ISSN 1992-6502 (Print)
Vol. 17, no. 6 (59), pp. 108-108, 2013.
Vestnik UÇA7U
ISSN 2225-2789 (Online) http://journal.ugatu.ac.ru
UDC 004.7
A NEW BRANCH-AND-CUT ALGORITHM FOR THE ORTHOGONAL STRIP PACKING PROBLEM
1 2 3
Marat Mesyagutov , Guntram Scheithauer , Gleb Belov
1 [email protected], 2 [email protected], 2 [email protected]
Technical University of Dresden, Germany Submitted 2013, July 9
Abstract. We consider the 2D strip packing problem (SPP-2). Given a set of rectangular items, SPP-2 is to find a packing of all items occupying the minimal height of the given semi-infinite strip. SPP-2 is considered without items rotation.
Keywords: linear programming; branch-and-cut; facet-defining inequalities.
We develop an integer linear programming model. The model is based on the representation of two 1D contiguous solutions [1] (CBP-1) in a time-indexed formulation. In comparison to [1], the non-overlapping condition for the feasibility of 2D solutions is realized through the linear inequalities which are applied for every pair of possible coordinates in each 1D solution.

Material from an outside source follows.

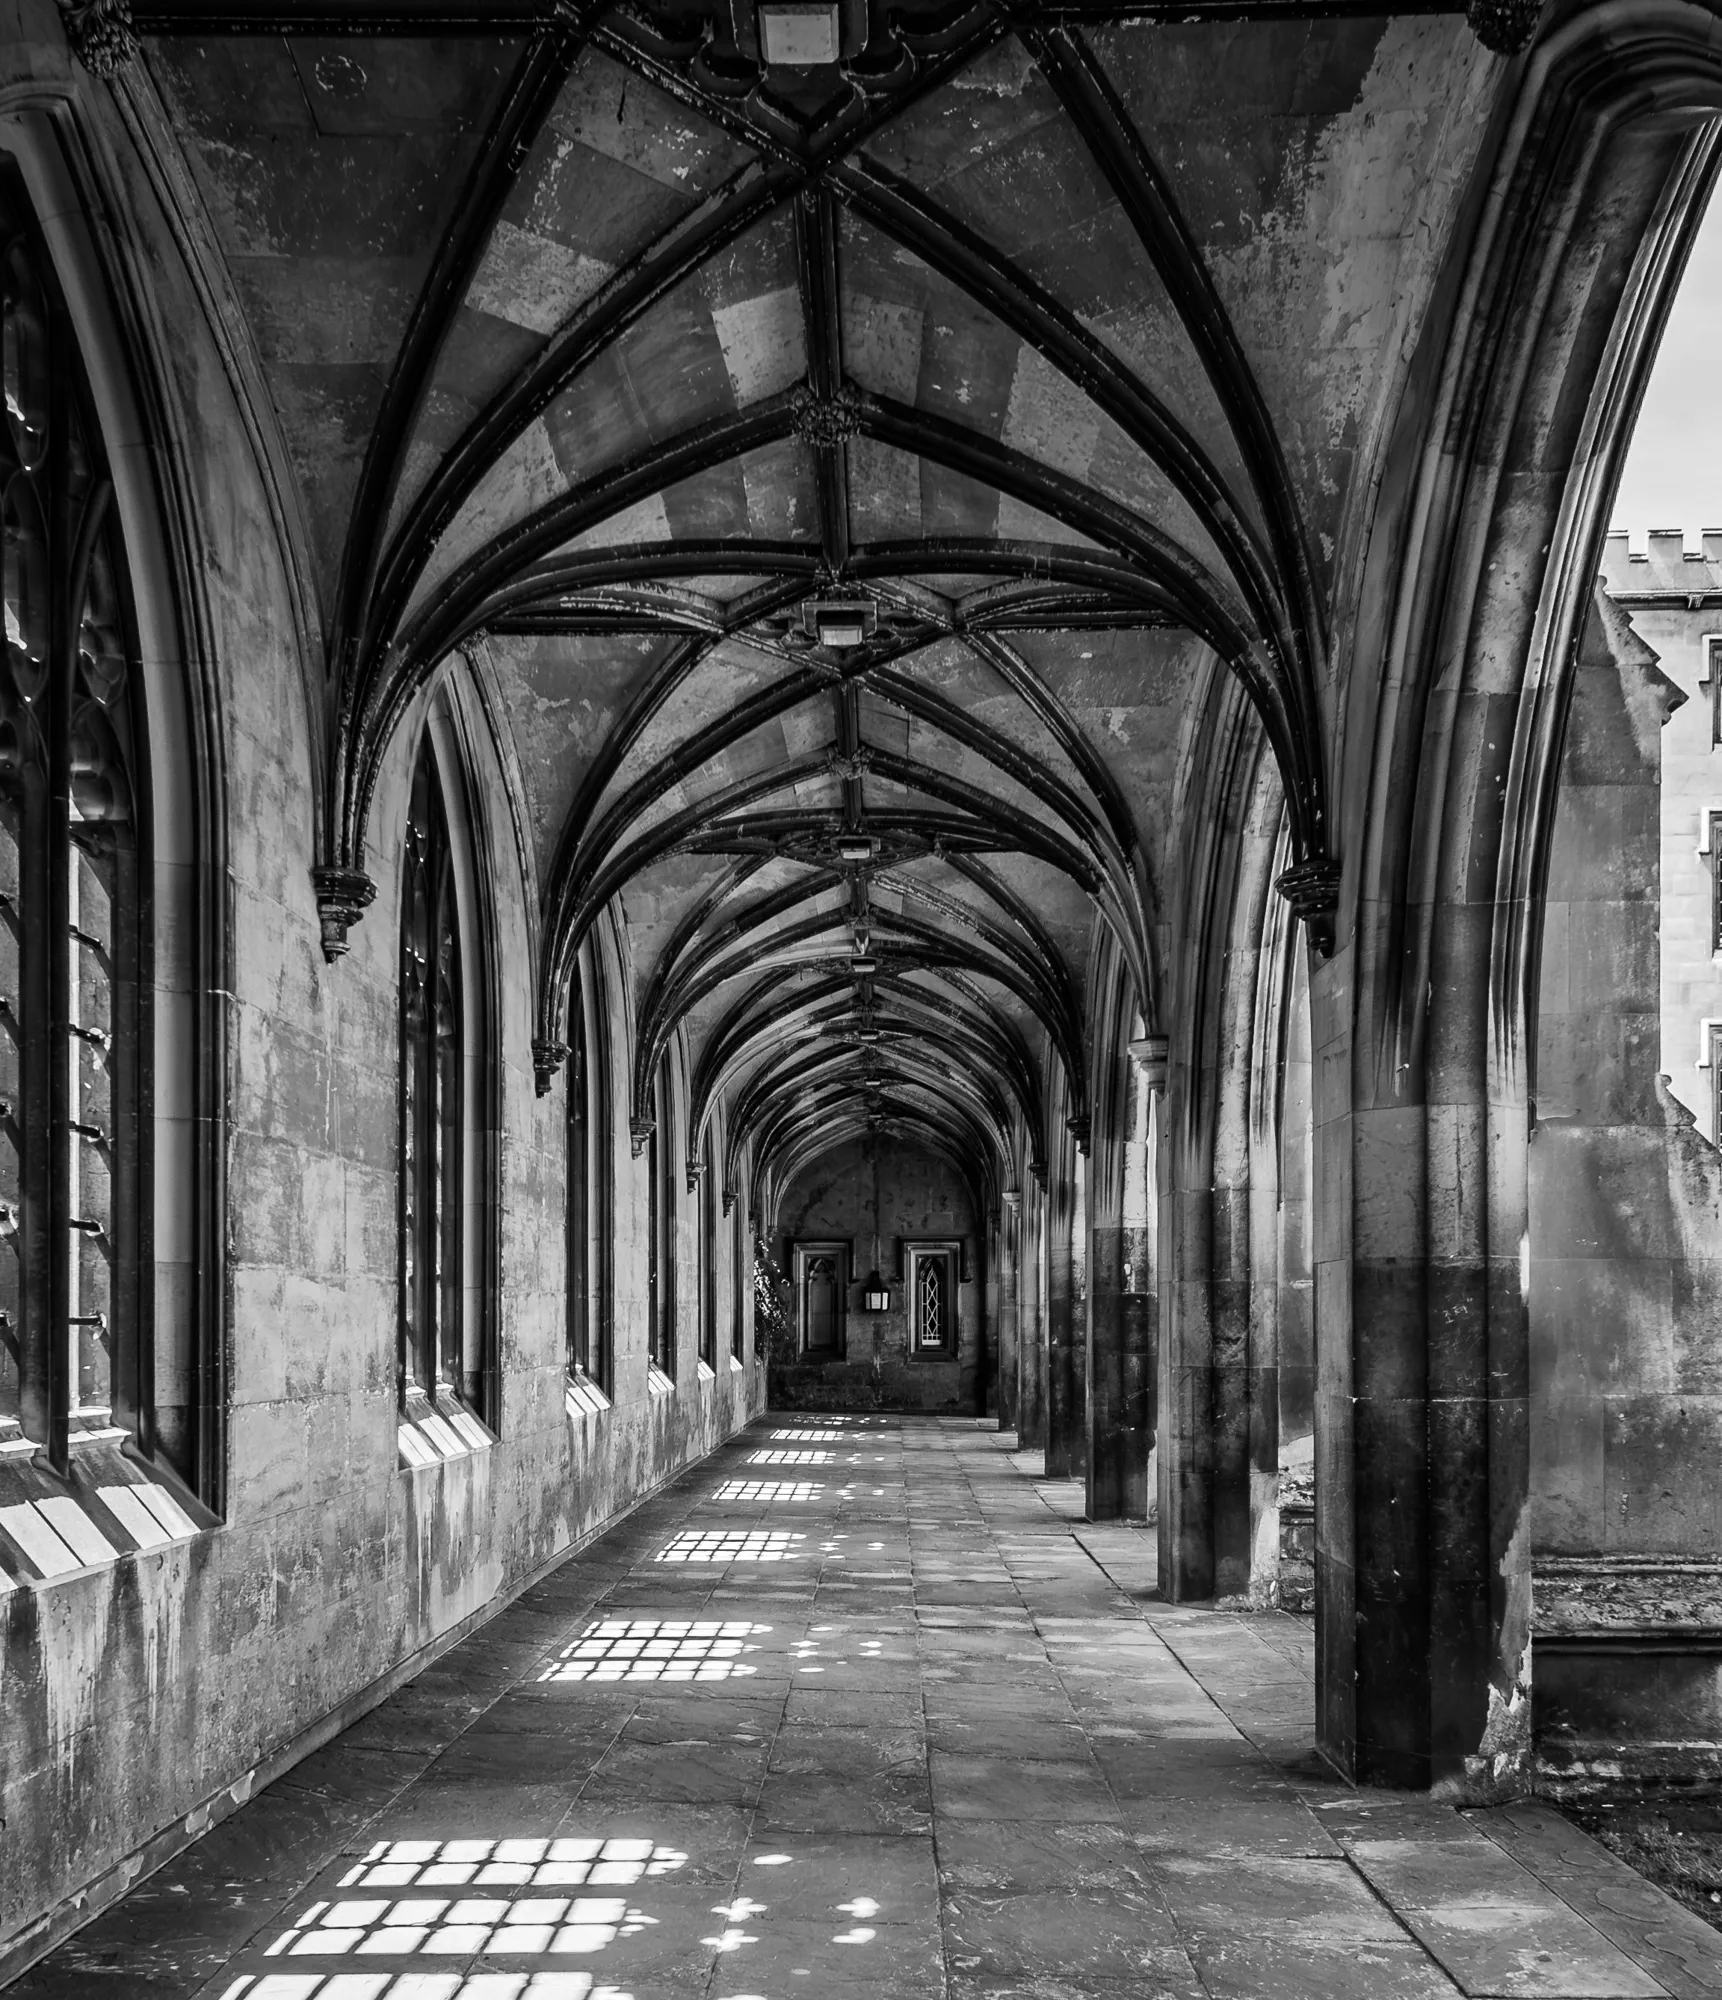 King's College Cloisters

We determine different valid inequalities. For some of them we show that they are strong, i. e. facet-defining [2] for the convex hull of the integer solutions of the formulation. The number of such inequalities (also called cuts) is exponential.
Based on the proposed formulation we develop a new branch-and-cut algorithm which is branch-and-bound in which cutting planes are generated throughout the branch-and-bound tree [3]. The idea of the method is to do much work as is necessary to get a tight dual bound at the node of the branching tree.
The main procedures of the branch-and-cut algorithms are branching, pruning, and cut generation. The first two are usual ones. The last one has the following meaning. At the beginning of the algorithm we start with the relaxation of the basic formulation. At the next step, in order to deal with the exponential number of the cuts, we solve so-called separation problem which returns all the cuts or the one which is most affected. Then we add this cut into the formulation and resolve the relaxation. We reiterate until no cut is affected. This procedure is called cut generation. After all cuts are added we perform to pruning and branching.
Theoretical investigations as well as numerical results are discussed at the talk. The latter demonstrate the strength of the found inequalities.
REFERENCES
1. M. Mesyagutov, G. Scheithauer, and G. Belov. "LP bounds in various constraint programming approaches for orthogonal packing," Computers and Operations Research, vol. 39, no. 10, pp. 2425-2438, 2012.
2. L. A. Wolsey and G. L. Nemhauser, Integer and Combinatorial Optimization. John Wiley and Sons, 1988.
3. L. A. Wolsey, Integer Programming. Wiley, 1998.